The online version of this article (https://doi.org/10.1007/s00330-018-5491-2) contains supplementary material, which is available to authorized users.
To compare the image quality of the lungs between ultra-high-resolution CT (U-HRCT) and conventional area detector CT (AD-CT) images.
Image data of slit phantoms (0.35, 0.30, and 0.15 mm) and 11 cadaveric human lungs were acquired by both U-HRCT and AD-CT devices. U-HRCT images were obtained with three acquisition modes: normal mode (U-HRCTN: 896 channels, 0.5 mm × 80 rows; 512 matrix), super-high-resolution mode (U-HRCTSHR: 1792 channels, 0.25 mm × 160 rows; 1024 matrix), and volume mode (U-HRCTSHR-VOL: non-helical acquisition with U-HRCTSHR). AD-CT images were obtained with the same conditions as U-HRCTN. Three independent observers scored normal anatomical structures (vessels and bronchi), abnormal CT findings (faint nodules, solid nodules, ground-glass opacity, consolidation, emphysema, interlobular septal thickening, intralobular reticular opacities, bronchovascular bundle thickening, bronchiectasis, and honeycombing), noise, artifacts, and overall image quality on a 3-point scale (1 = worst, 2 = equal, 3 = best) compared with U-HRCTN. Noise values were calculated quantitatively.

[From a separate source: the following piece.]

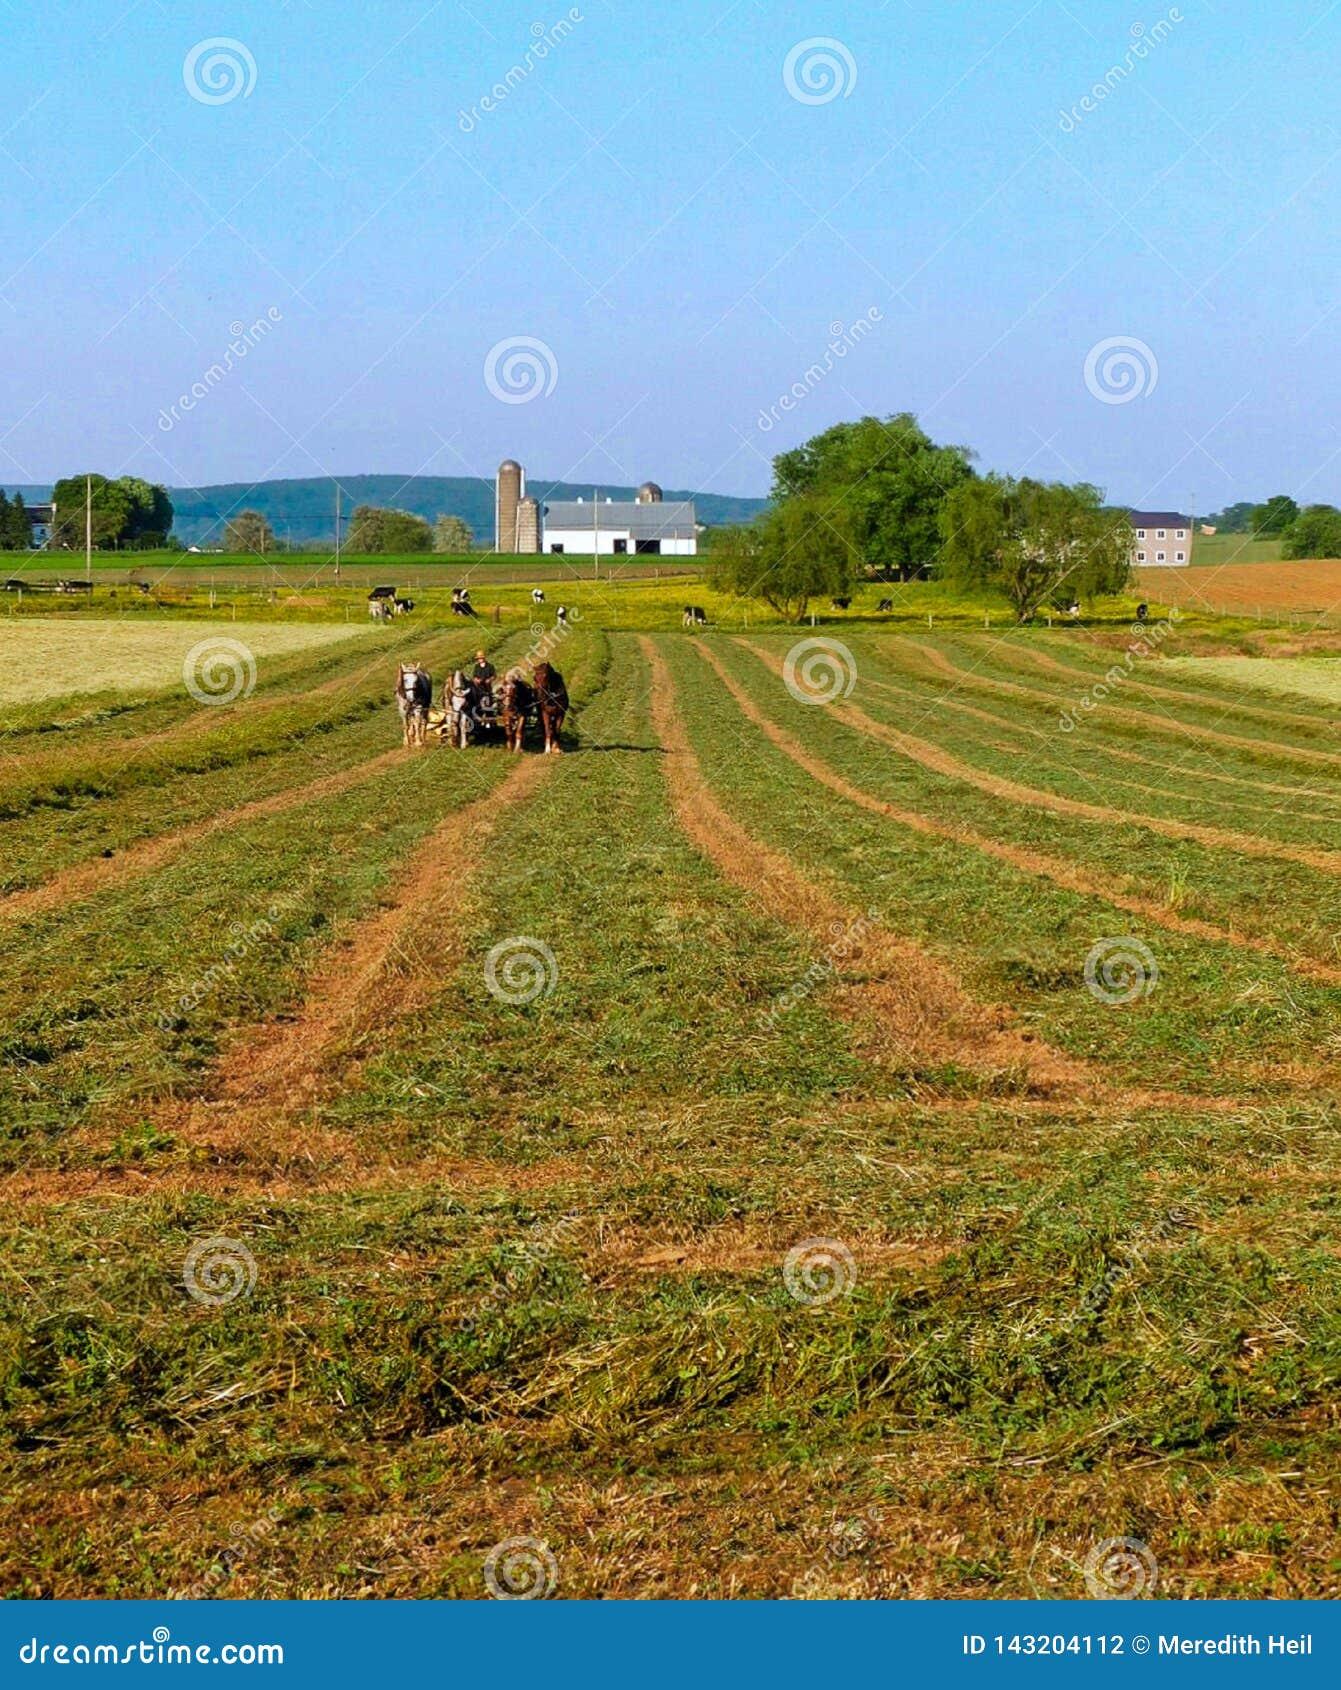 Homem Amish e uma equipe de quatro cavalos para arar um campo da alfafa

U-HRCT could depict a 0.15-mm slit. Both U-HRCTSHR and U-HRCTSHR-VOL significantly improved visualization of normal anatomical structures and abnormal CT findings, except for intralobular reticular opacities and reduced artifacts, compared with AD-CT (p < 0.014). Visually, U-HRCTSHR-VOL has less noise than U-HRCTSHR and AD-CT (p < 0.00001). Quantitative noise values were significantly higher in the following order: U-HRCTSHR (mean, 30.41), U-HRCTSHR-VOL (26.84), AD-CT (16.03), and U-HRCTN (15.14) (p < 0.0001). U-HRCTSHR and U-HRCTSHR-VOL resulted in significantly higher overall image quality than AD-CT and were almost equal to U-HRCTN (p < 0.0001).

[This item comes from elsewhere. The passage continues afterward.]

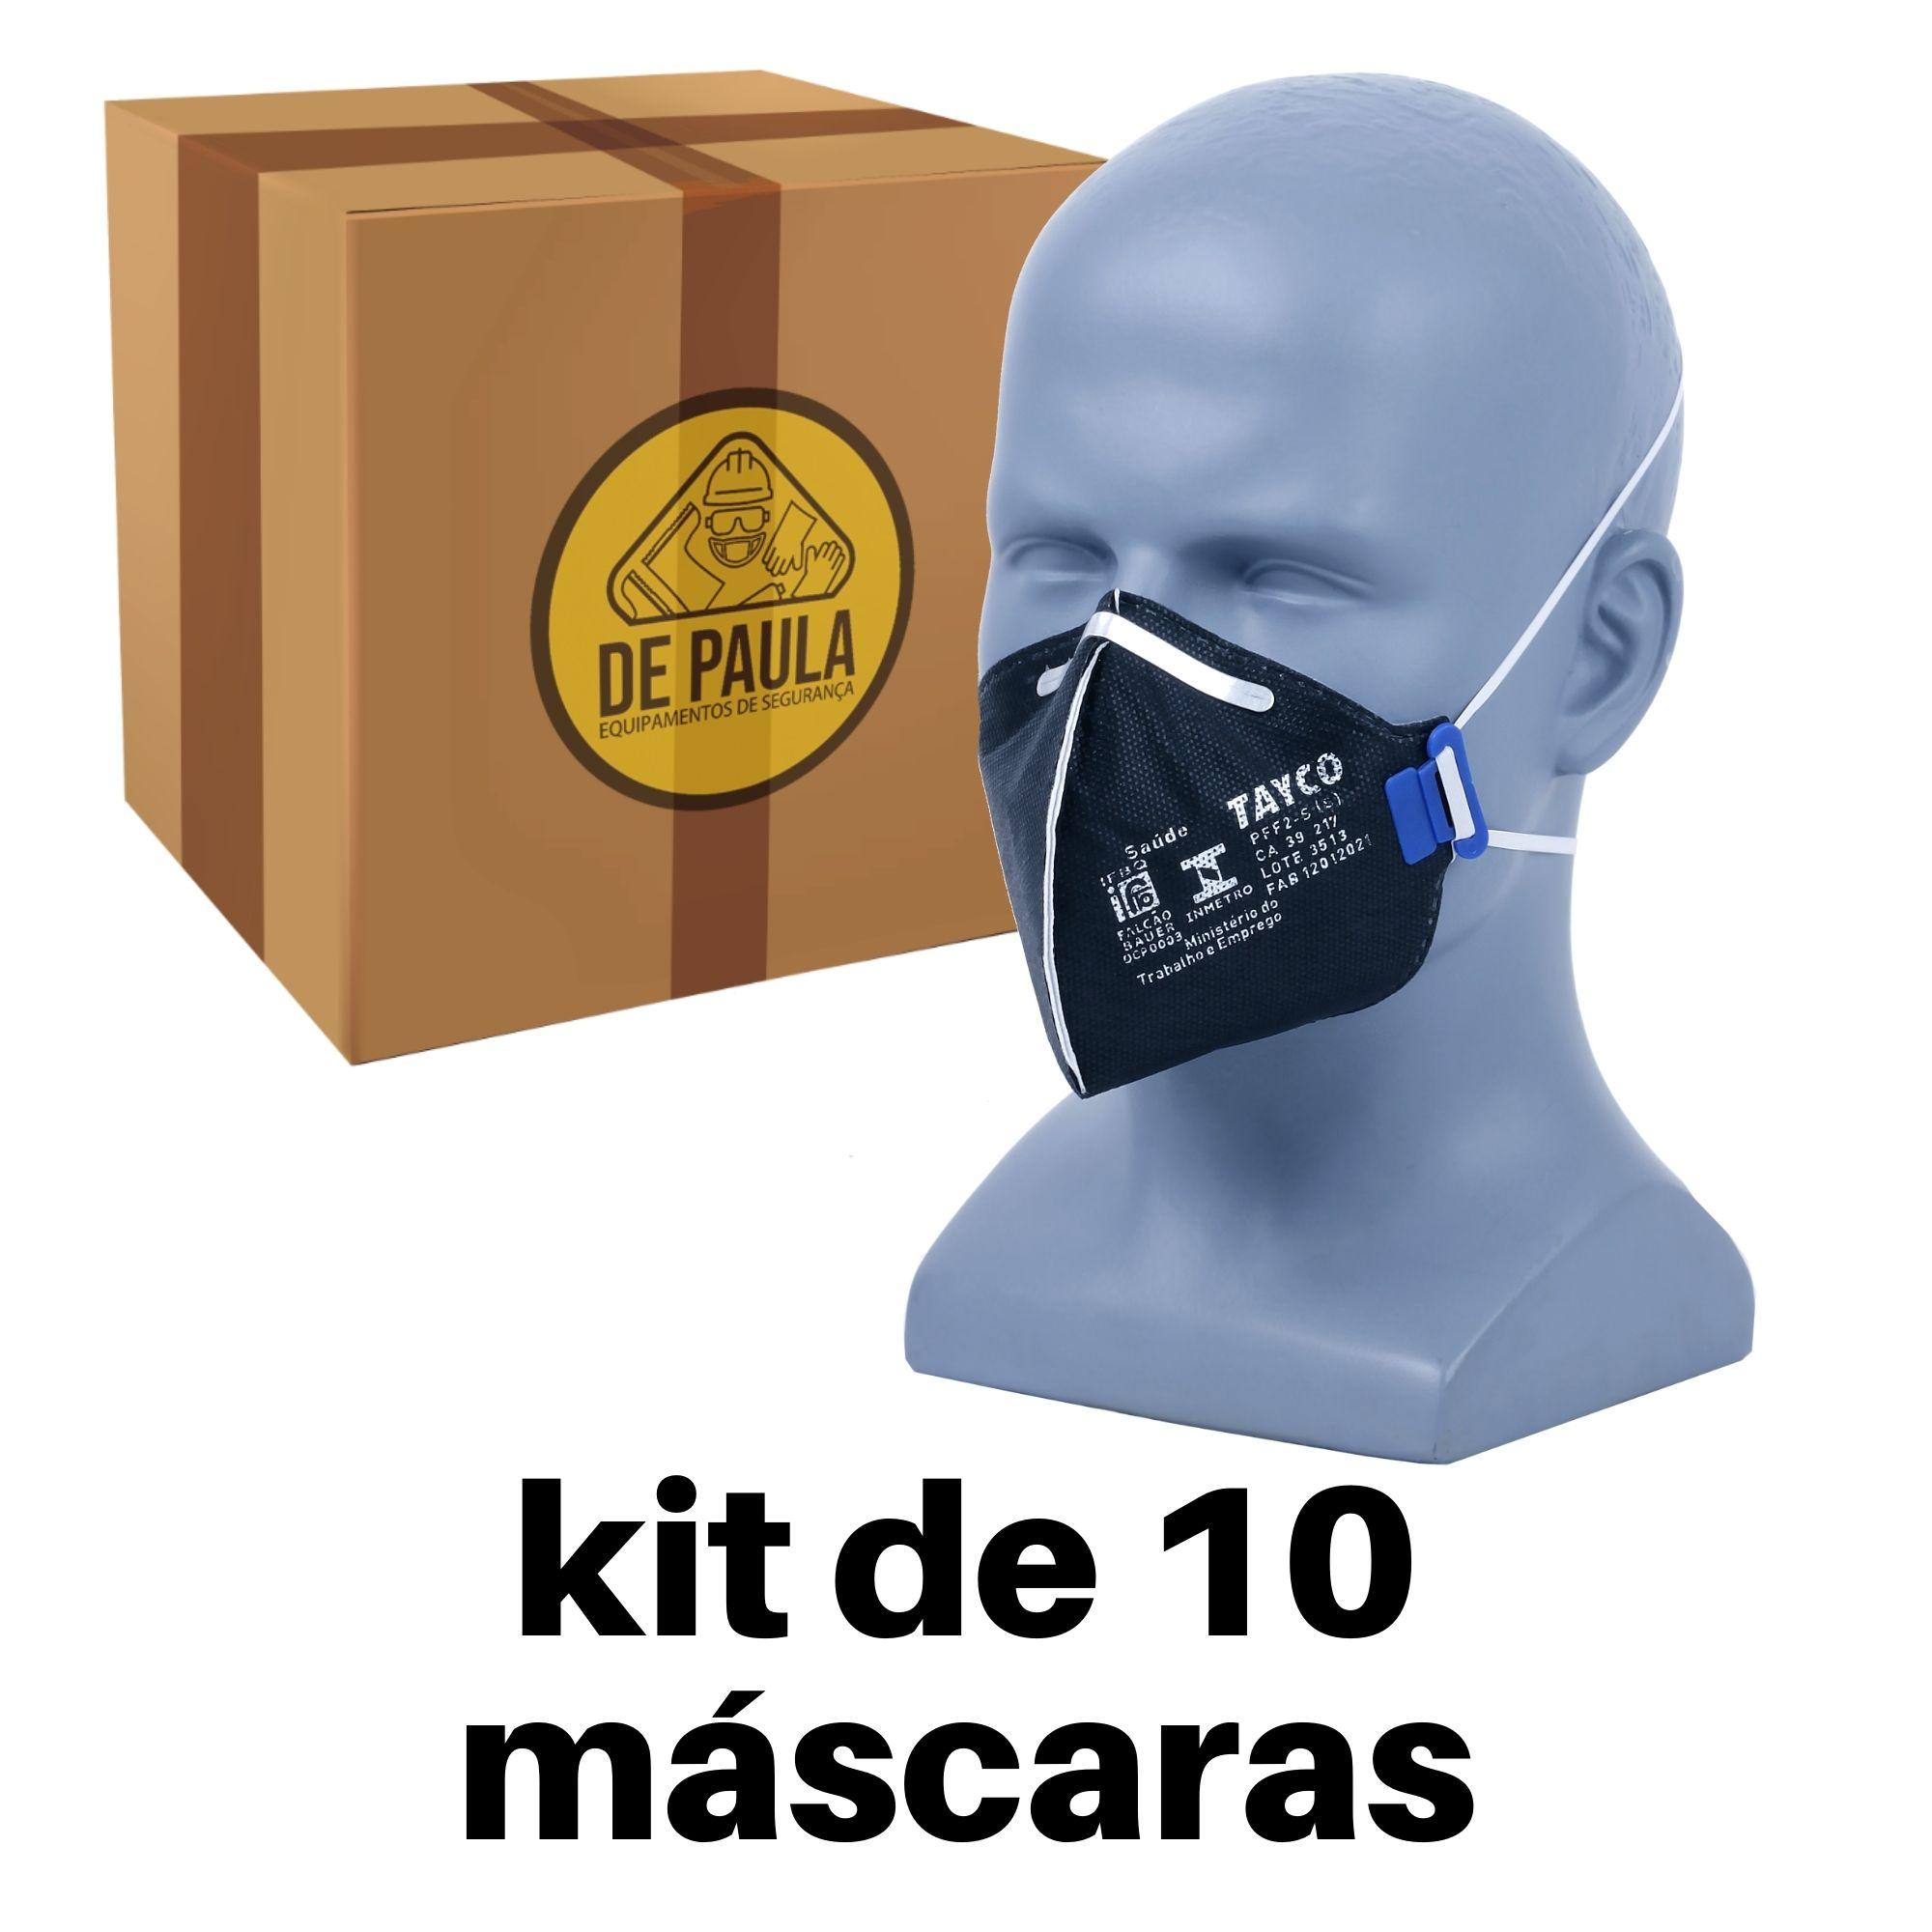 10 UNIDADES - PFF2-S CARVÃO ATIVADO -------PRETA TAYCO  - DE PAULA EPI

Both U-HRCTSHR and U-HRCTSHR-VOL can provide higher image quality than AD-CT, while U-HRCTSHR-VOL was less noisy than U-HRCTSHR.
• Ultra-high-resolution CT (U-HRCT) can improve spatial resolution.
• U-HRCT can reduce streak and dark band artifacts.
• U-HRCT can provide higher image quality than conventional area detector CT.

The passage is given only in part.